Hello again. Yes I did put the extension tube on already. It does feel bulky. Not to mad about it, unless I was driving 1000km. I will post a pic with it on tomorrow. 


Sent from my iPhone using Tapatalk


----------



## Vape_Da_Ape (3/4/17)

yeah i might pair it with my DNA 75 , i tend to not vape higher than that . i noticed with my current EDC ijust s is that first 5-8 draws on a full charged battery tends to burn then after that smooth sailing . so basically the output has decreased from what i understand . i constantly chased clouds i found that with clouds comes juice consumption . i cannot waist juice on clouds thats a waste , rather flavor for me.. 

so now its bringing me down to deciding to go head first into building because sub ohm wont cut it for sure


----------



## Slav (3/4/17)

Works perfect at lower wattage.

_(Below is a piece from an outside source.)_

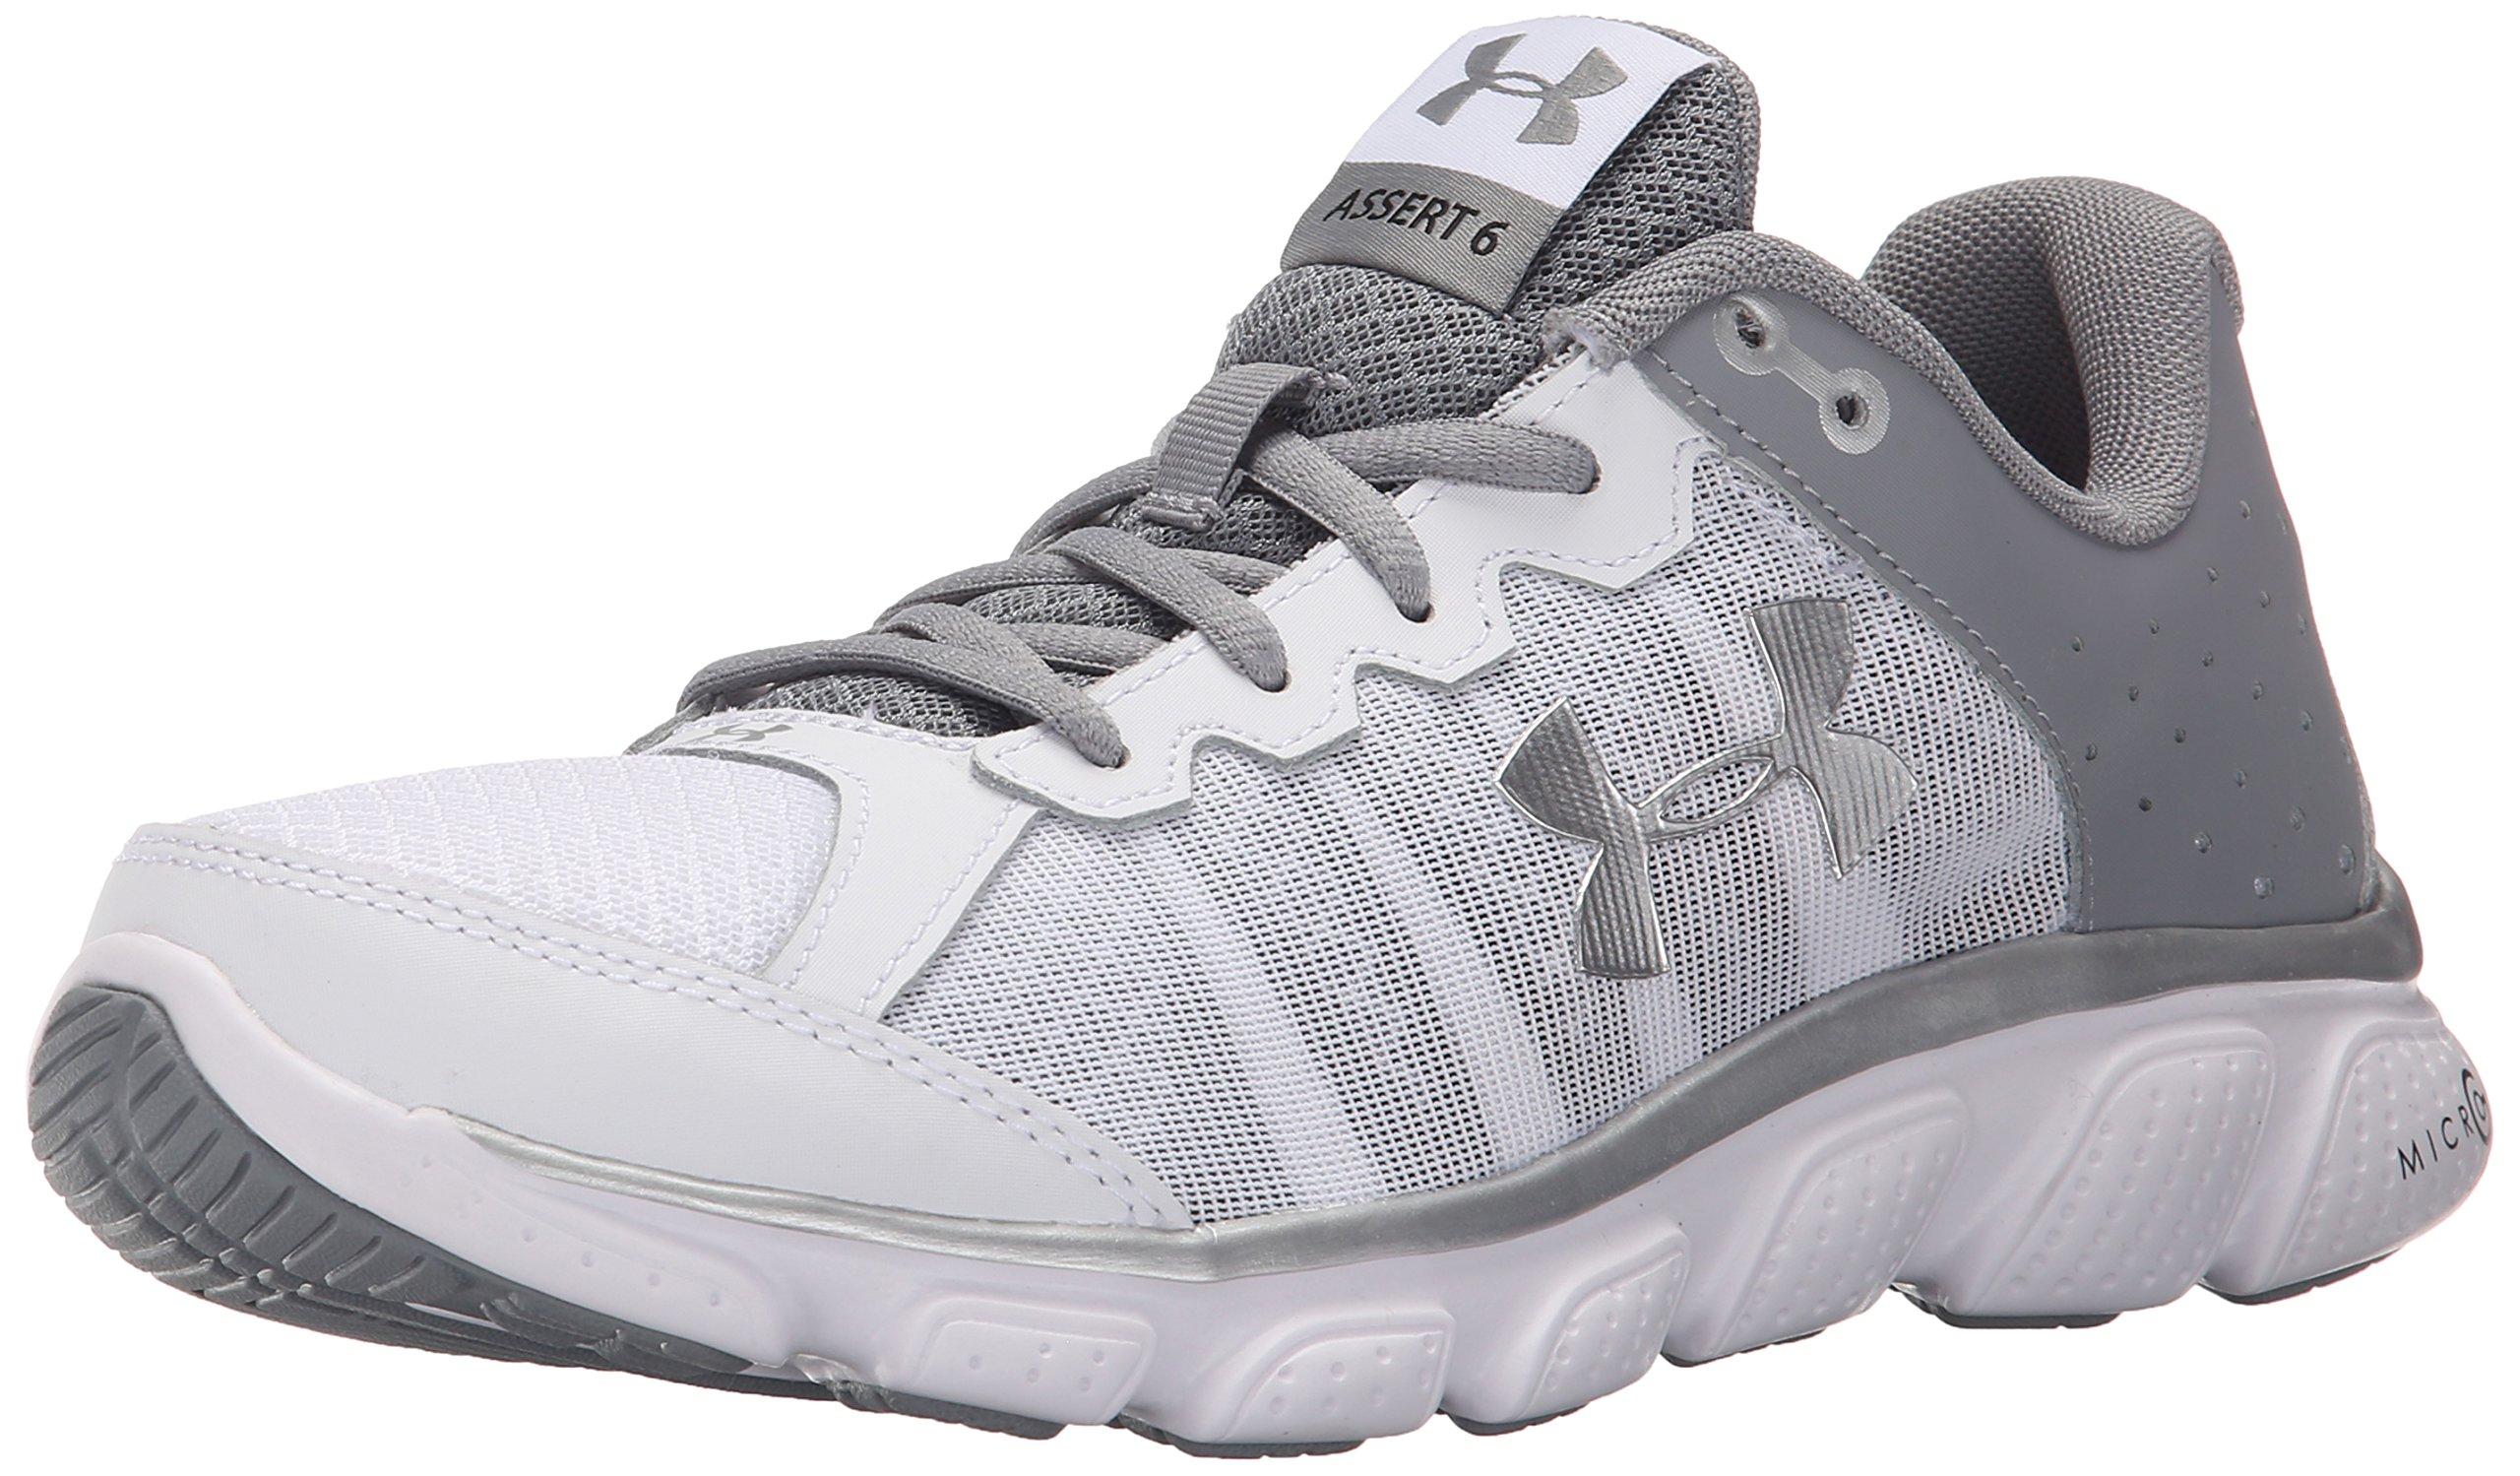 Under Armour Women's Micro G Assert 6 Running Shoe, White (100)/Steel, 6.5 by Under Armour

My staple staggered fused clapton runs at 50w and it's more than enough

Sent from my SM-G900F using Tapatalk


----------



## OhmzRaw (3/4/17)

Great review @Waine What can you compare the flavor from this RTA to?

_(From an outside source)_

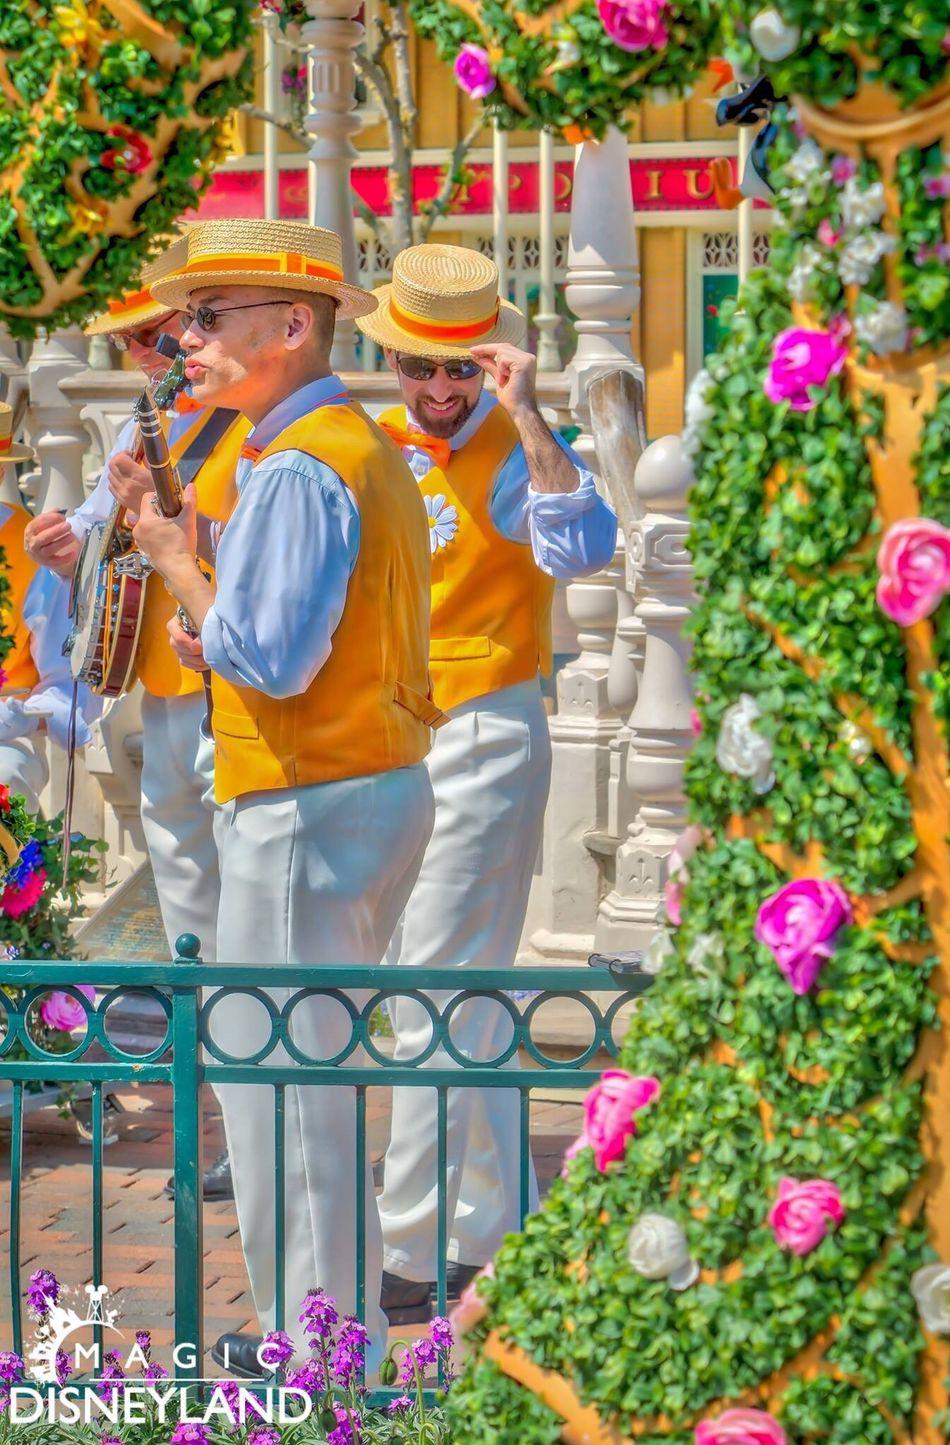 Flower Disneyland Large Group Of People Traditional Clothing Disneyland Resort Paris Disneyland Paris Amusement Park Disneylandparis Celebration Disney Multi Colored Travel Destinations

Sent from my SM-P555 using Tapatalk


----------



## Waine (3/4/17)

@OhmzRaw

Something in between my Fuji RTA GTA and the first Tornado, but the Tornado is on steroids.

Excellent flavor! More than happy.


Sent from my iPhone using Tapatalk

Reactions: Like 1


----------



## Waine (4/4/17)

So here is a pic of the Pharaoh with the extension ring attached. To be honest, it makes the tank feel too bulky and there is a bit of flavour loss. It's not for me. Off with the ring!

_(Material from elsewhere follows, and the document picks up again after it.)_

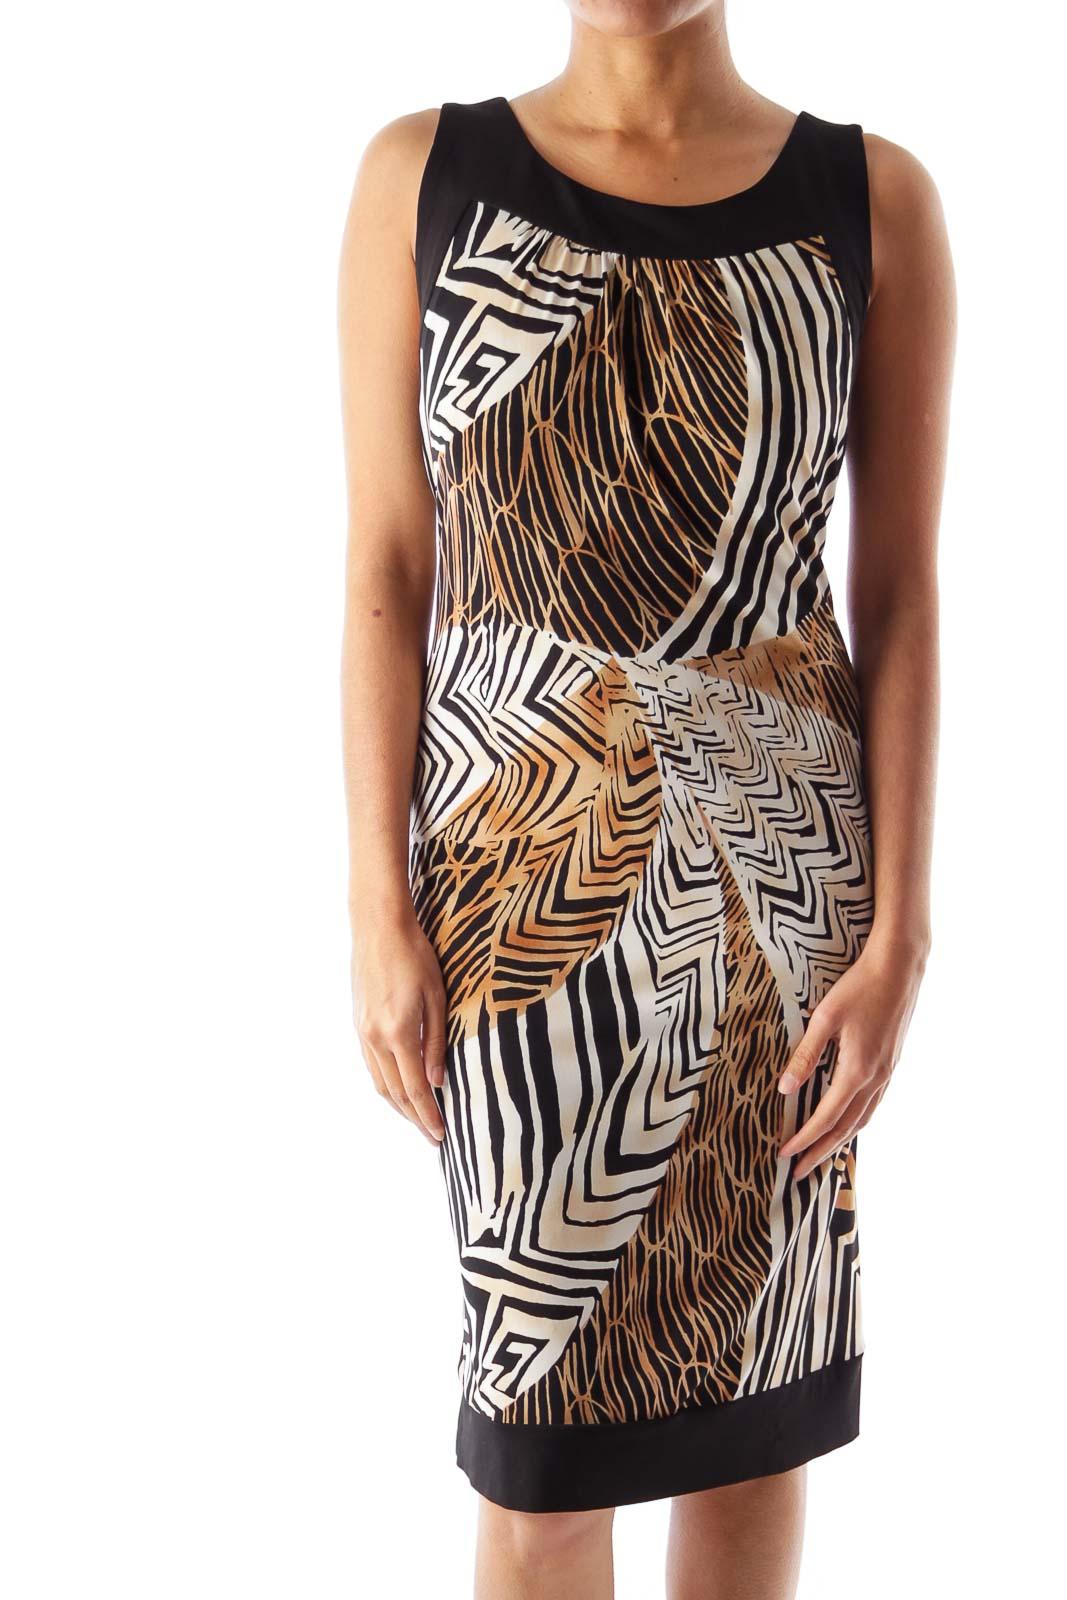 Animal Print Sleeveless Dress Front

Sent from my iPhone using Tapatalk

Reactions: Like 1


----------



## Waine (4/4/17)

So I vaped on this all day. Either the flavor is amazing because I am (only now) vaping on some different, amazing juice: XXX which is really enjoyable, or the tank indeed delivers good flavor. I'm not sure. I have nothing to compare it to. It must be my taste buds liking the "new" different flavors of the juice.

I did have a very happy vape day though.  with the ring off....


Sent from my iPhone using Tapatalk

Reactions: Like 1


----------



## Schnappie (4/4/17)

Well in my opinion fruity vapes like xxx loves single coil builds. I am conflicted between this tank and the kayfun 5 clone. Worried that the pharoah might not be restrictive enough for my taste but i suppose the framed staples I use in my hadaly will offer hopefully similar great flavour in this tank. Thanks for your view though, very keen to see opinions on this one


----------



## zadiac (4/4/17)

Very nice review @Waine, but you might want to edit your OP 
52 ohms might be a bit high


----------



## Bearshare (4/4/17)

Nice review now torn between this and obs

Sent from my SM-G930F using Tapatalk


----------



## Vape_Da_Ape (4/4/17)

Bearshare said:


> Nice review now torn between this and obs
> 
> Sent from my SM-G930F using Tapatalk



Join the club 


Sent from my iPhone using Tapatalk

Reactions: Like 1


----------



## Daniel Alves (4/4/17)

Both? 

Sent from my E6653 using Tapatalk


----------



## Waine (4/4/17)

zadiac said:


> Very nice review @Waine, but you might want to edit your OP
> 52 ohms might be a bit high



@zadiac thanks a ton mate, I fixed the error. It's 0.52 Ohms.


Sent from my iPhone using Tapatalk


----------



## Bearshare (4/4/17)

just watched RT`s wicking and this looks cool should be no dry hits as it would hold alot of juice


----------



## Waine (5/4/17)

Bearshare said:


> just watched RT`s wicking and this looks cool should be no dry hits as it would hold alot of juice



@Bearshare His wicking is really cool, but you don't have to do it his way if you have no 'Japanese' cotton. I have now tried and tested the conventional way according to my above pic and it works just as well. Not one drop of leakage.

Guys, trust me, this tank is really amazing!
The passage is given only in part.